--- Work to complete ---
What you write must match, character for character, the lines from the one with "Al Shami. Шами" down to the one with "Sasuke comendo o naruto Hentai" in the listing below, minus its pictures.

--- Supplied records ---
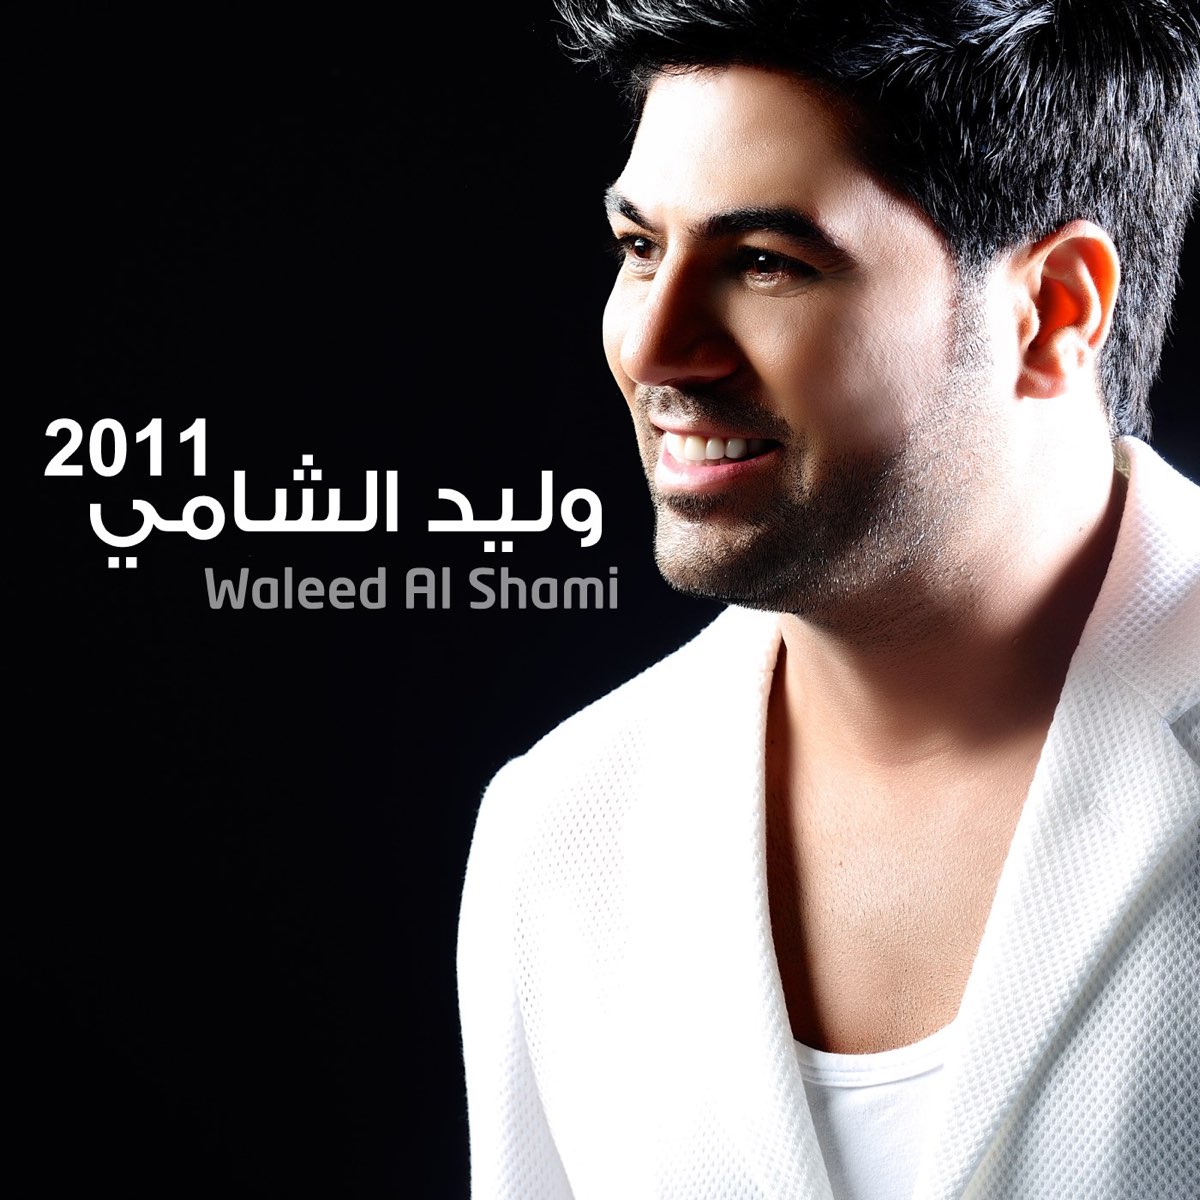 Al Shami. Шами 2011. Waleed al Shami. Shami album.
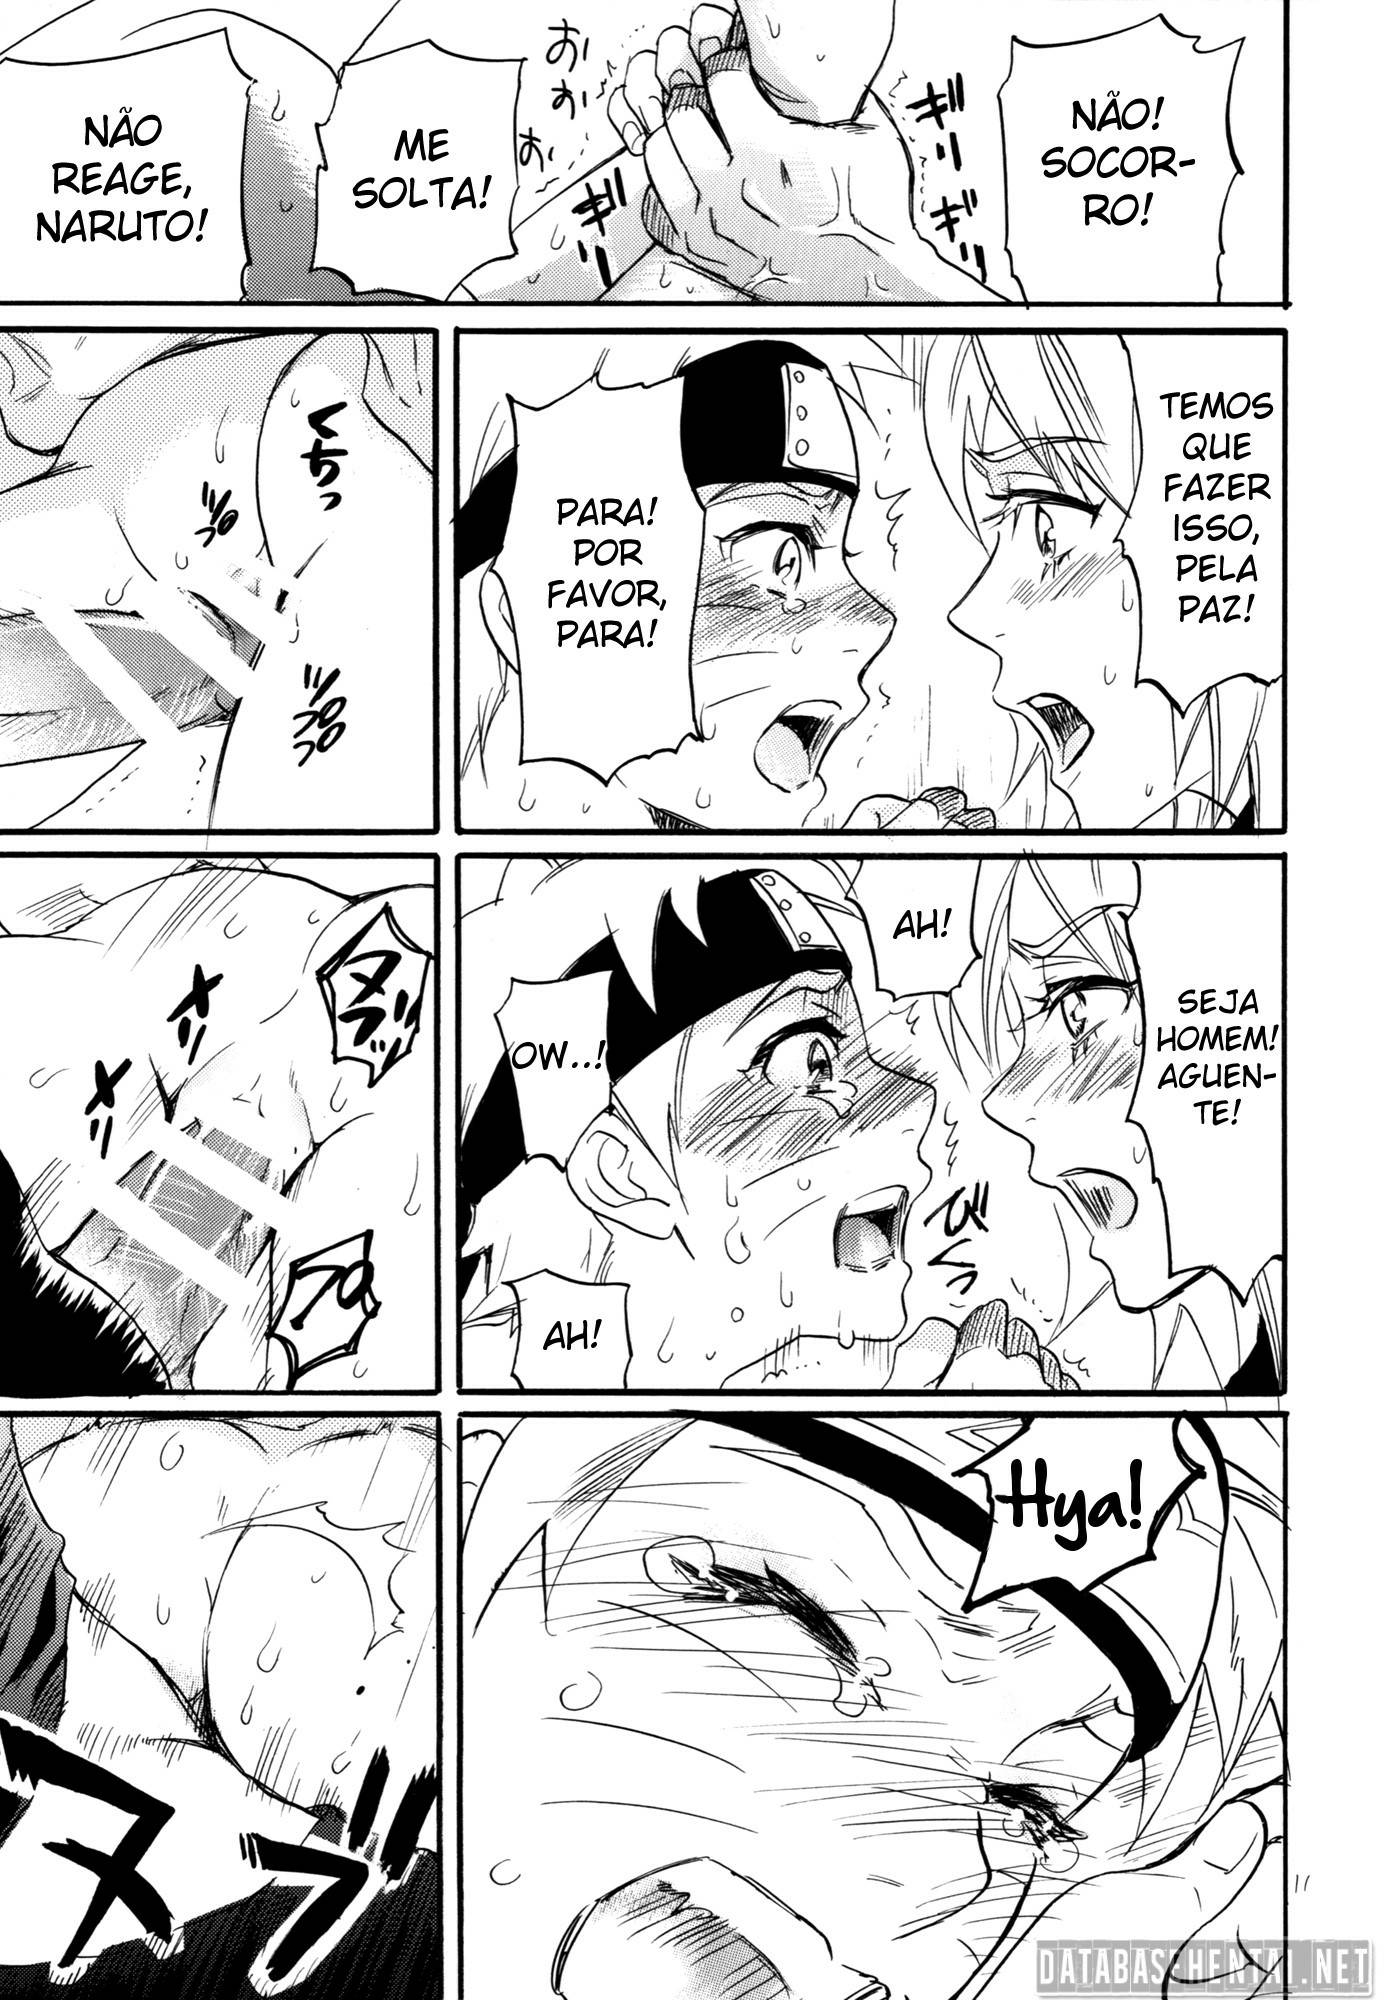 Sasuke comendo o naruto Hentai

==

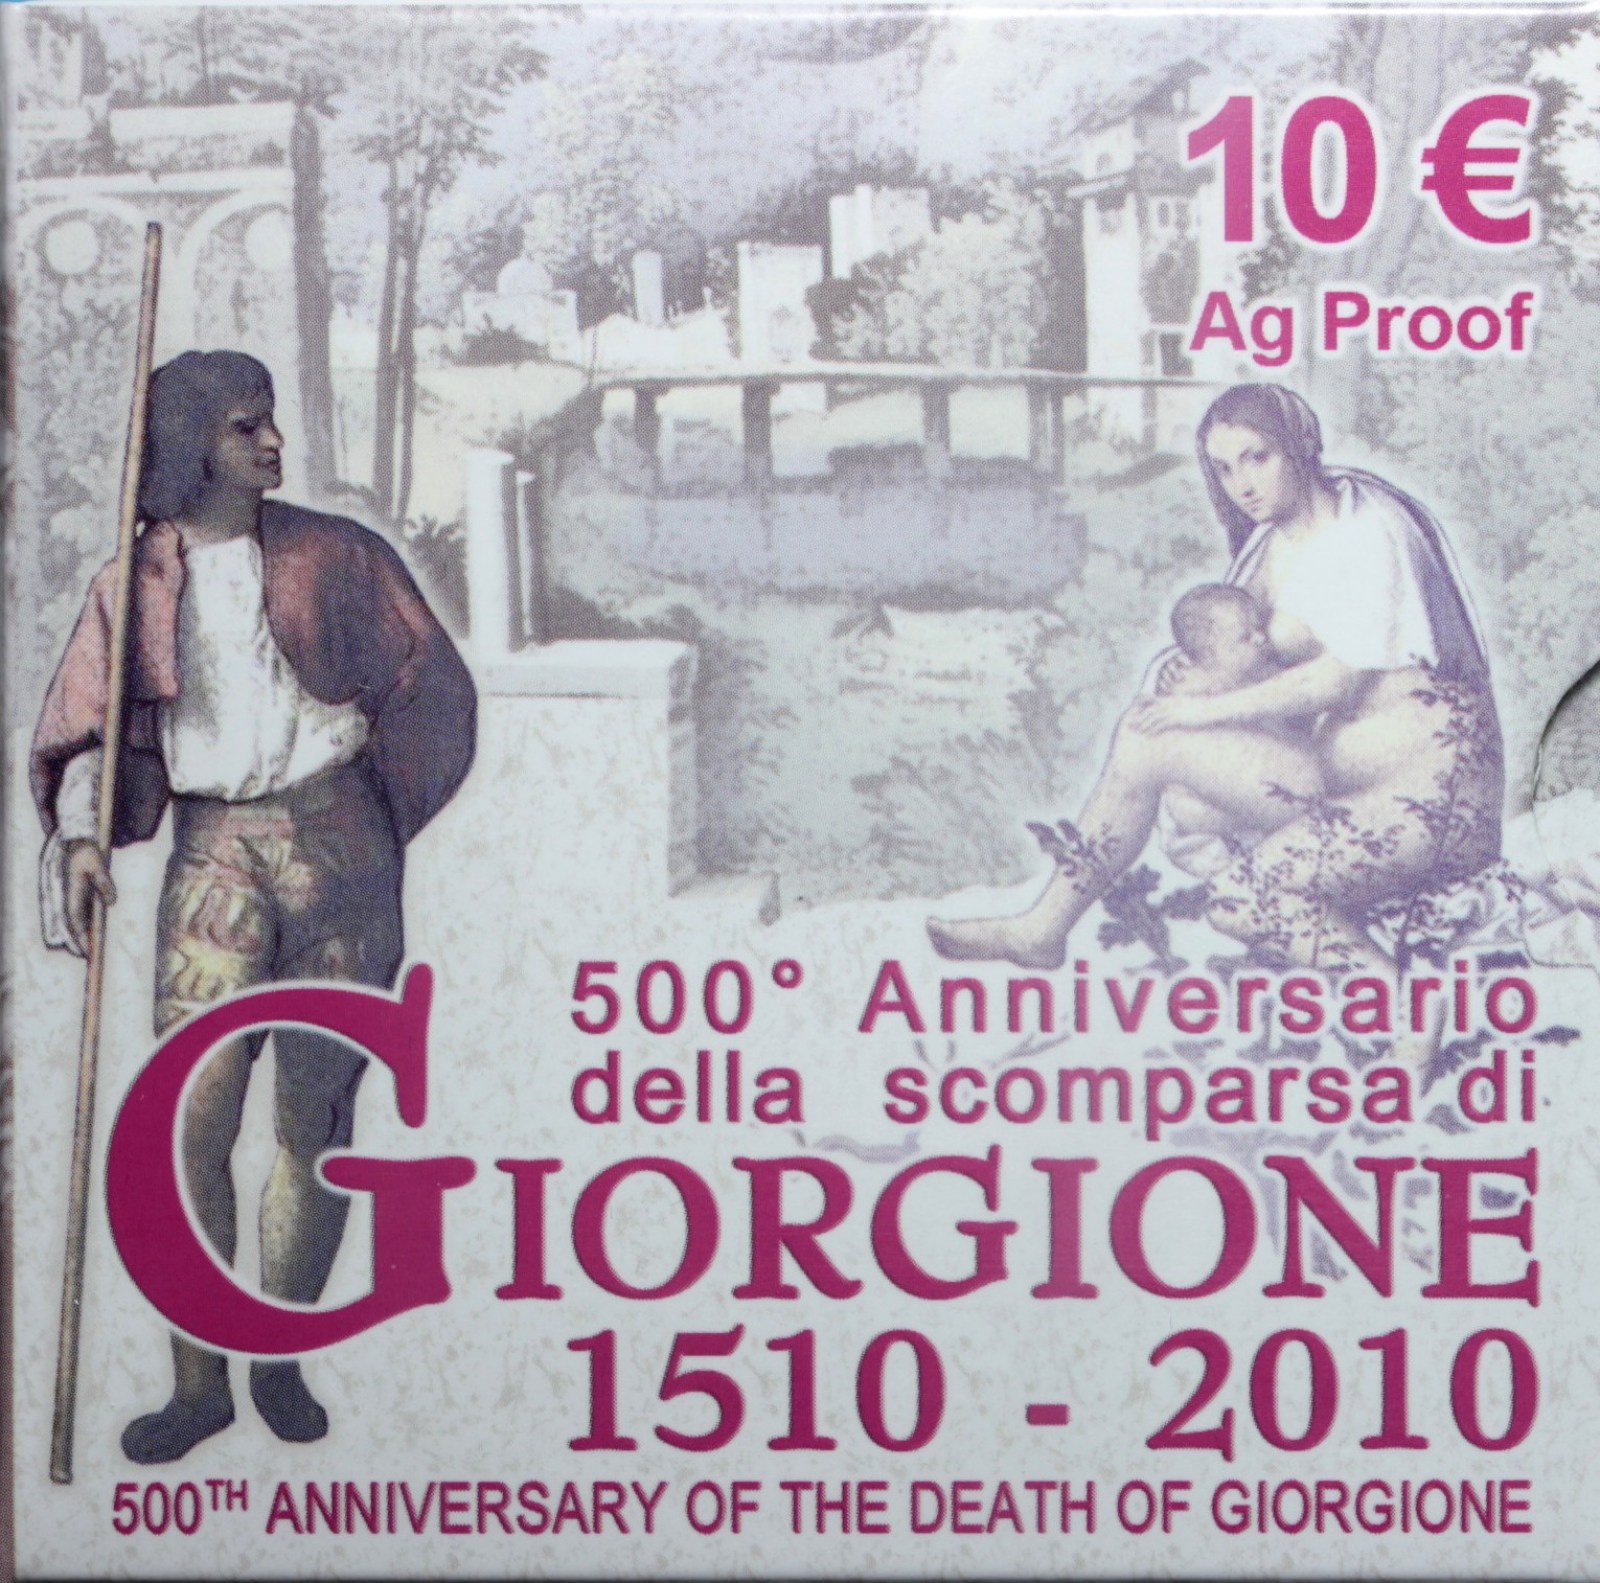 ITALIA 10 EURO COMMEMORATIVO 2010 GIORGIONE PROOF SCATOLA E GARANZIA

* * *

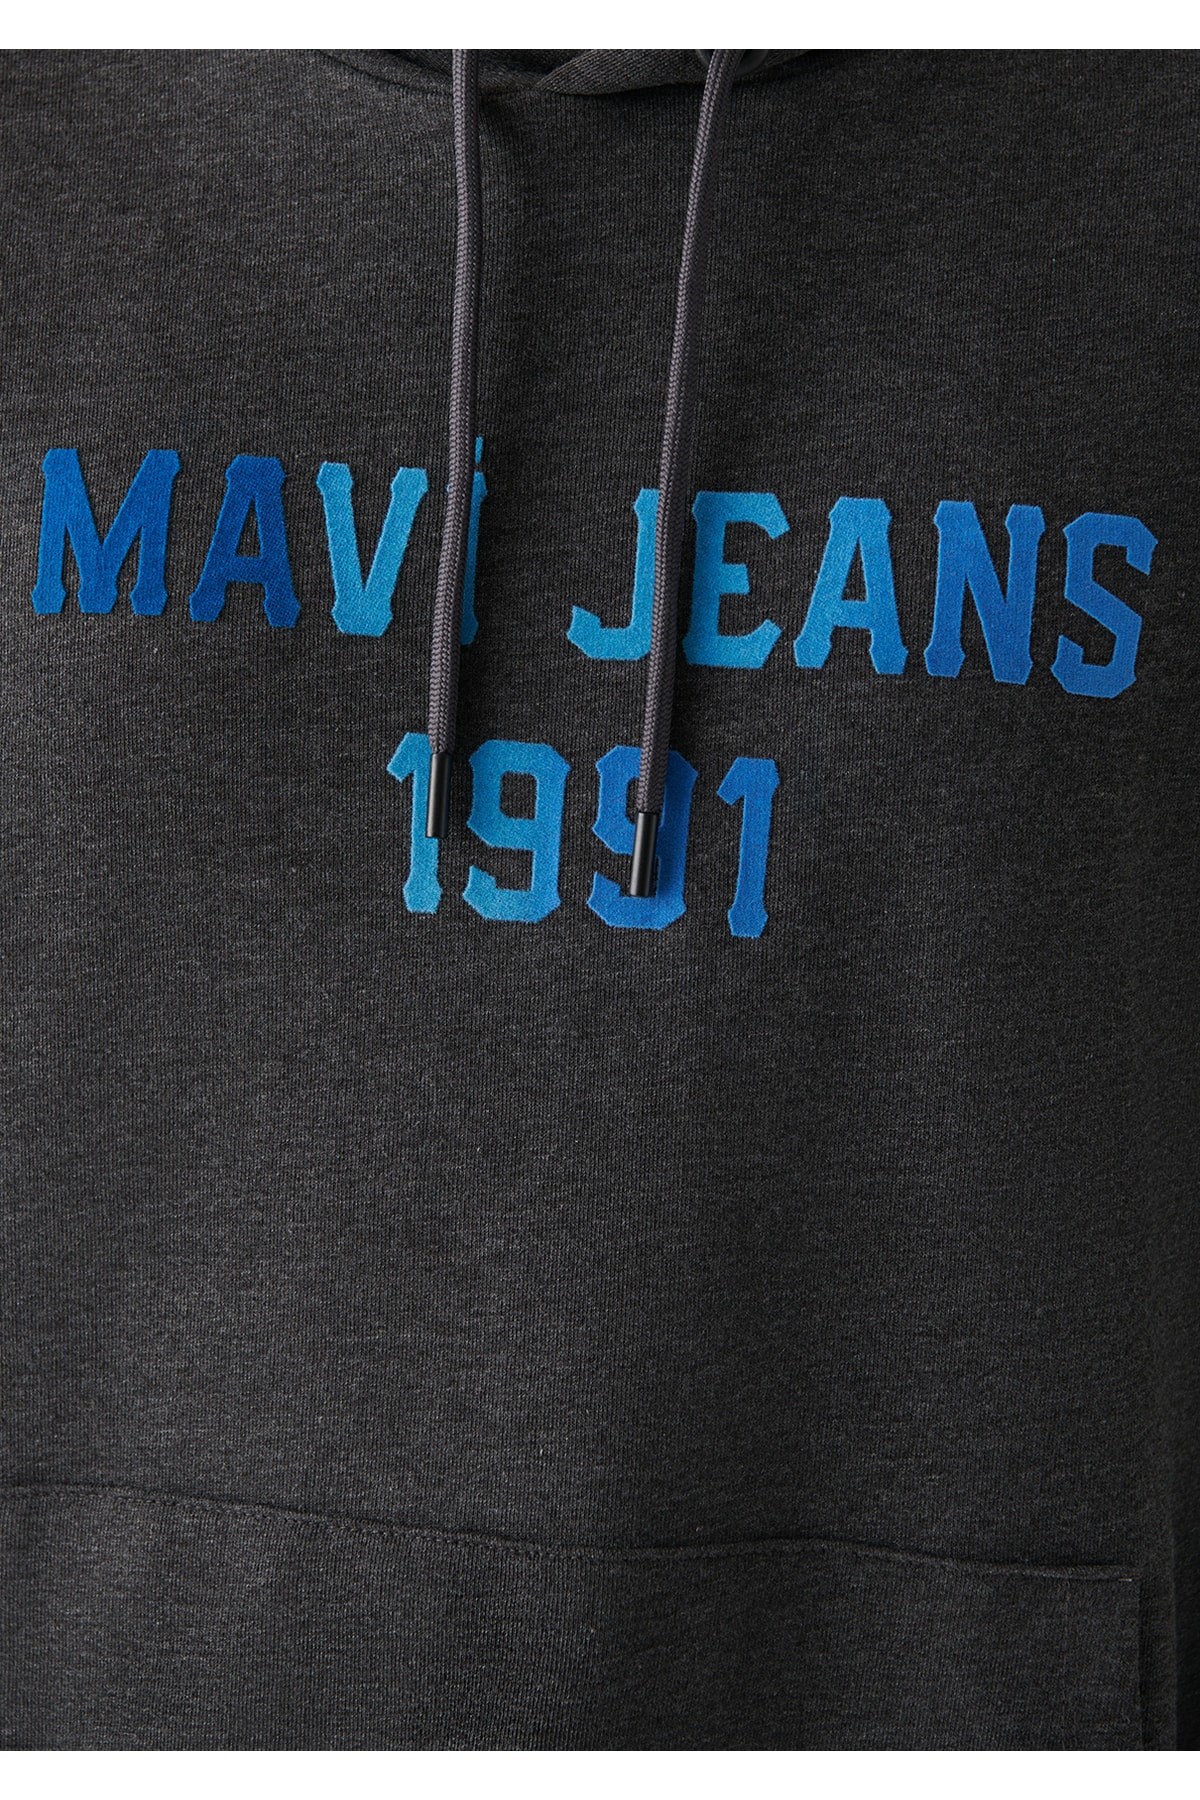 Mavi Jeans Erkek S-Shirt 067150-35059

--- Your response ---
 Al Shami. Шами 2011. Waleed al Shami. Shami album.
 Sasuke comendo o naruto Hentai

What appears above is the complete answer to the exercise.